C) To find how far the projectile lands from the gun, we need to find the final x-coordinate when y = 0. Setting y = 0 and solving for x:
-16t^2 + 100t(sin 60) = 0
-16t(t - 5) = 0

Again, this equation gives us two possible values for t: t = 0 and t = 5 sec. At t = 0, the projectile is at the starting point (x = 0). At t = 5, the projectile lands. Therefore, the projectile lands at x = 100(5)(cos 60) = 250 ft from the gun.

D) The maximum height attained can be found by finding the vertex of the parabolic equation y = -16t^2 + 100t(sin 60). The vertex occurs at the time t = -b/(2a), where a = -16 and b = 100(sin 60).
t = -100(sin 60)/(2(-16)) = 1.25 sec

Substituting t = 1.25 sec into the equation, we get:
y = -16(1.25)^2 + 100(1.25)(sin 60) = 106.25 ft

So, the maximum height attained is 106.25 ft.
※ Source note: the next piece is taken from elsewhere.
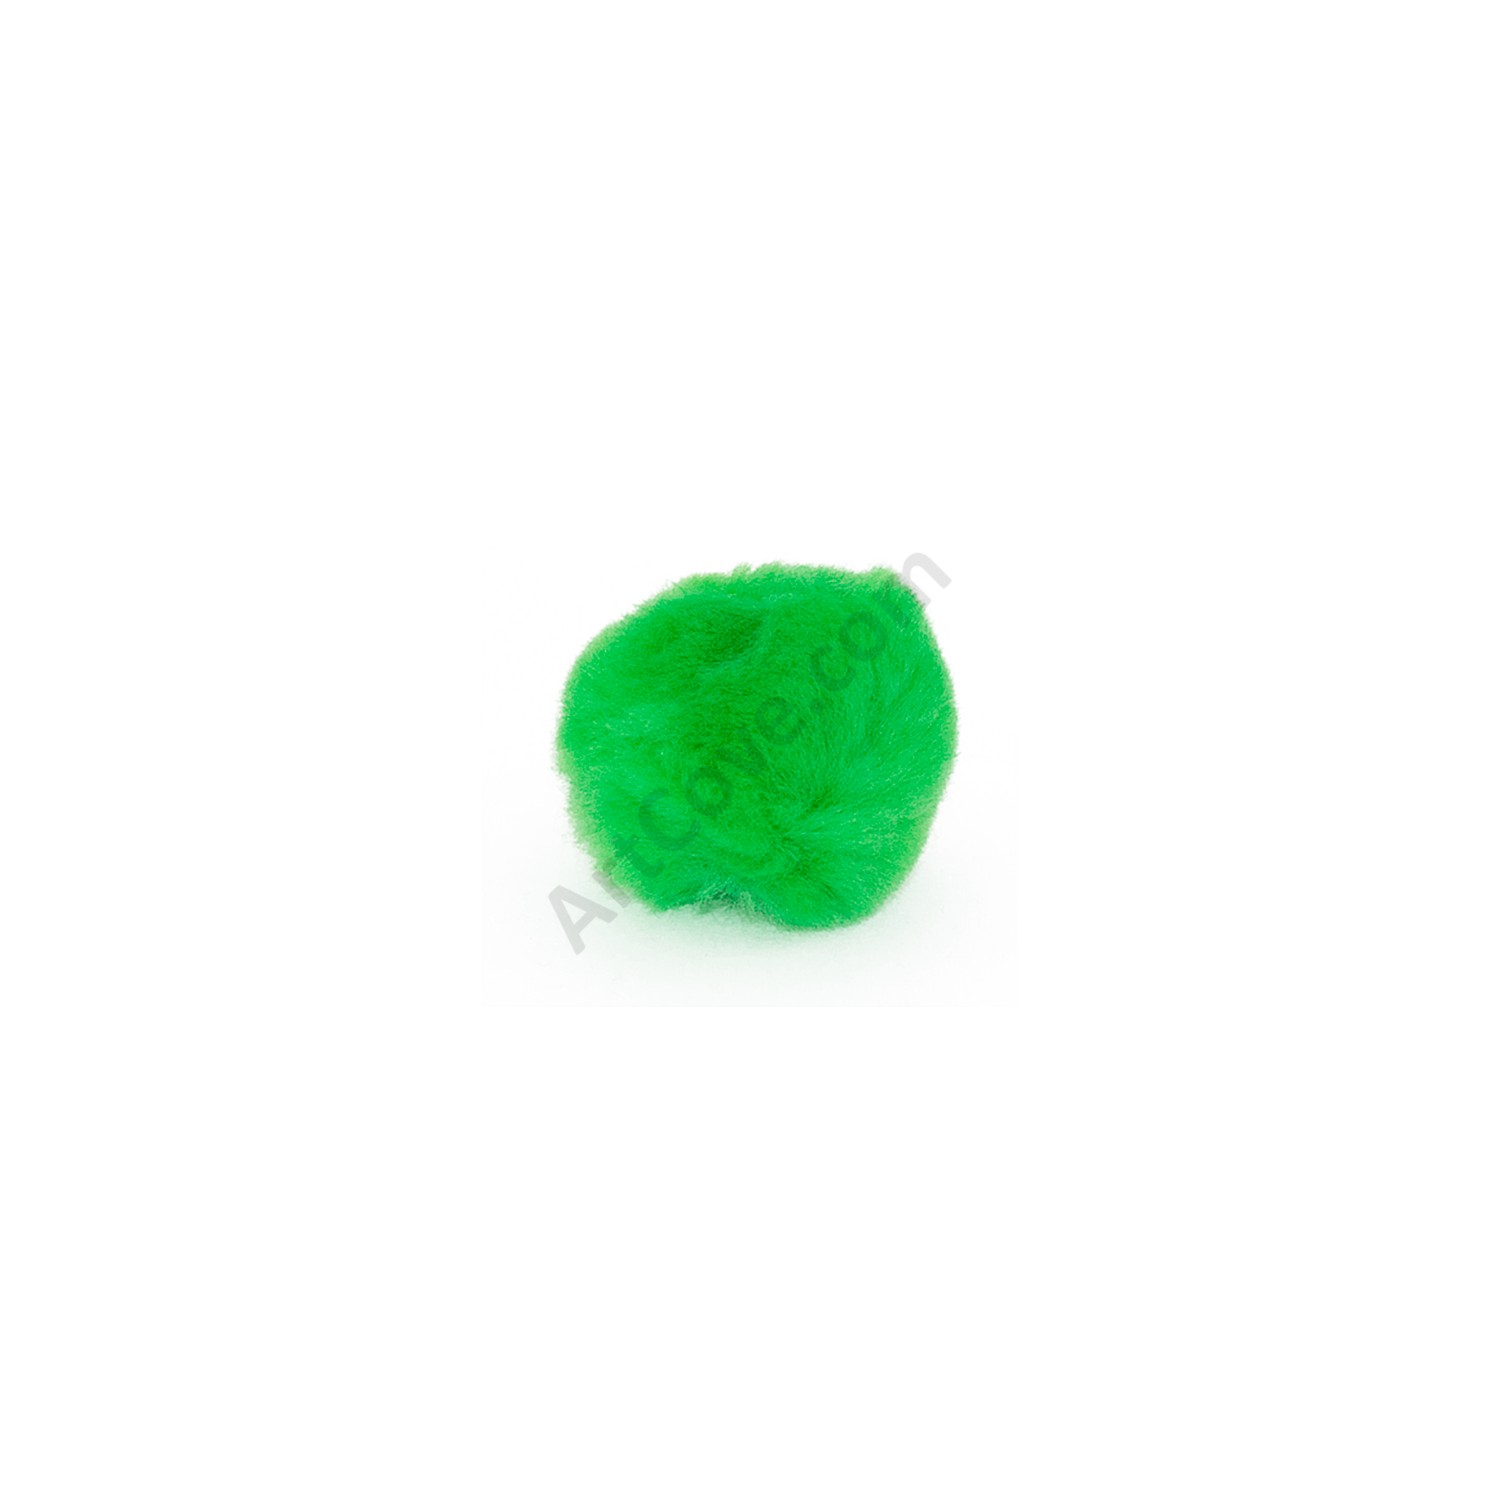 1-1/2 inch Multicolored Craft Pom Poms 50 Pieces Pom Pom Balls

E) The time in the air, T, can be expressed in terms of v0 and O.
Using the equation y = -16t^2 + v0t(sin O) and setting y = 0, we have:
-16t^2 + v0t(sin O) = 0
t(t - v0(sin O)/16) = 0

This equation gives us two possible values for t: t = 0 and t = v0(sin O)/16. Therefore, the time in the air is T = v0(sin O)/16 seconds.
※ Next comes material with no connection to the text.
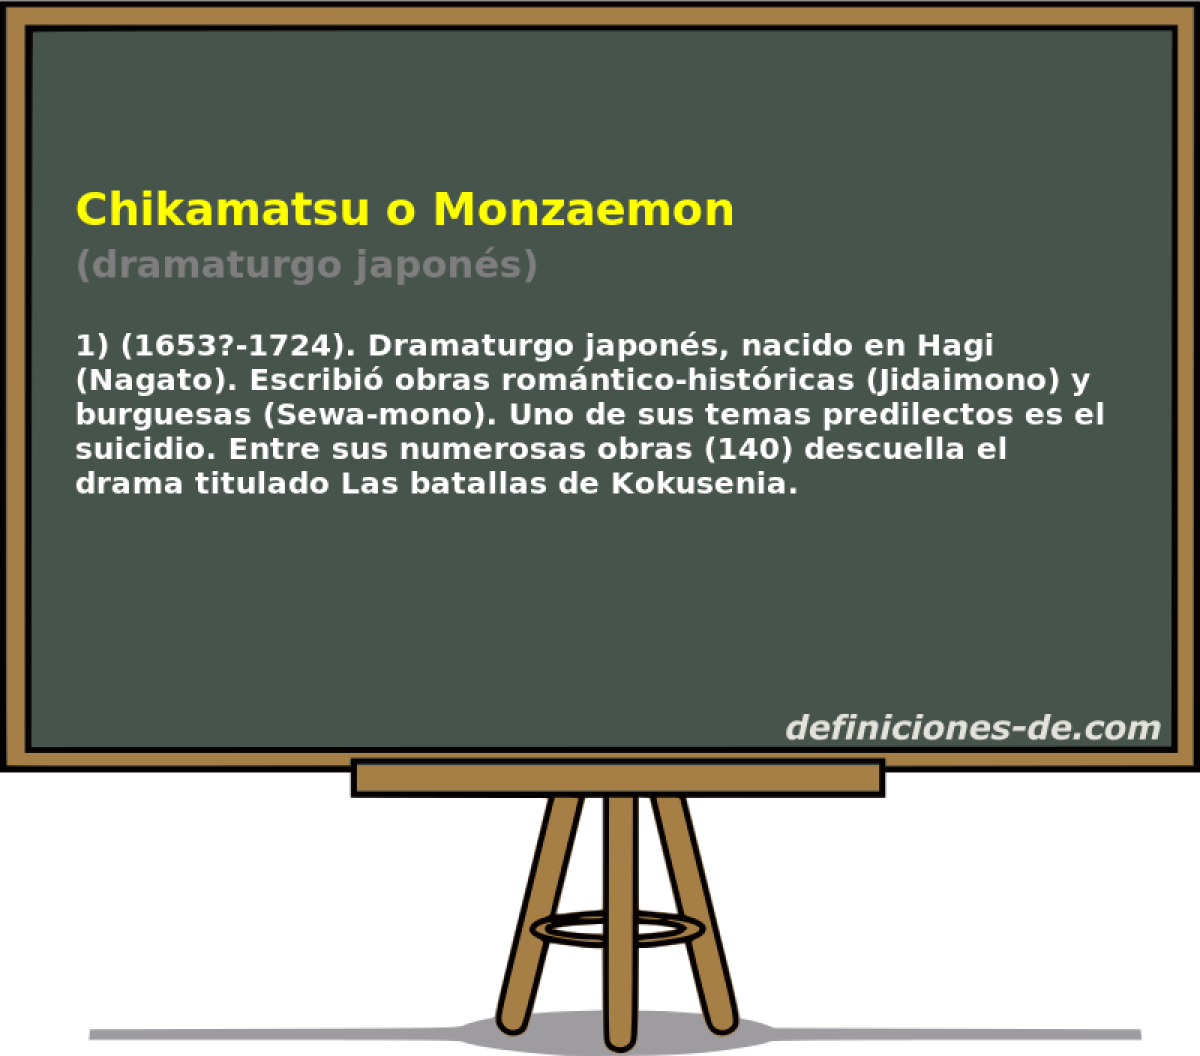 Chikamatsu o Monzaemon (dramaturgo japons)

F) The distance from the gun can be expressed in terms of v0 and O.
Using the equation x = v0t(cos O) and substituting T = v0(sin O)/16, we have:
x = v0(T)(cos O) = v0(v0(sin O)/16)(cos O)
x = (v0^2/16)(sin O)(cos O)

G) The maximum height can be expressed in terms of v0 and O.
Using the equation y = -16t^2 + v0t(sin O) and substituting the time t = 1.25 sec, we have:
y = -16(1.25)^2 + v0(1.25)(sin O)
y = -16(1.5625) + v0(1.25)(sin O)
y = -25 + (5/4)v0(sin O)

H) To show that y = ((-16sec^2O)/(v0)^2)(x^2) + xtanO, we can use the trigonometric identities:
sin^2 O + cos^2 O = 1 (1)
tan O = sin O / cos O (2)

Starting from the given equation y = -16t^2 + v0t(sin O) and substituting t = x / (v0(cos O)), we have:
y = -16(x / (v0(cos O)))^2 + v0(x / (v0(cos O)))(sin O)
y = -16(x^2 / v0^2(cos O)^2) + (x / cos O)(sin O)
y = (-16/cos^2 O)(x^2 / v0^2) + (sin O / cos O)(x)
y = (-16sec^2 O)(x^2 / v0^2) + xtan O

So, we have shown that y = ((-16sec^2 O)/(v0^2))(x^2) + xtan O.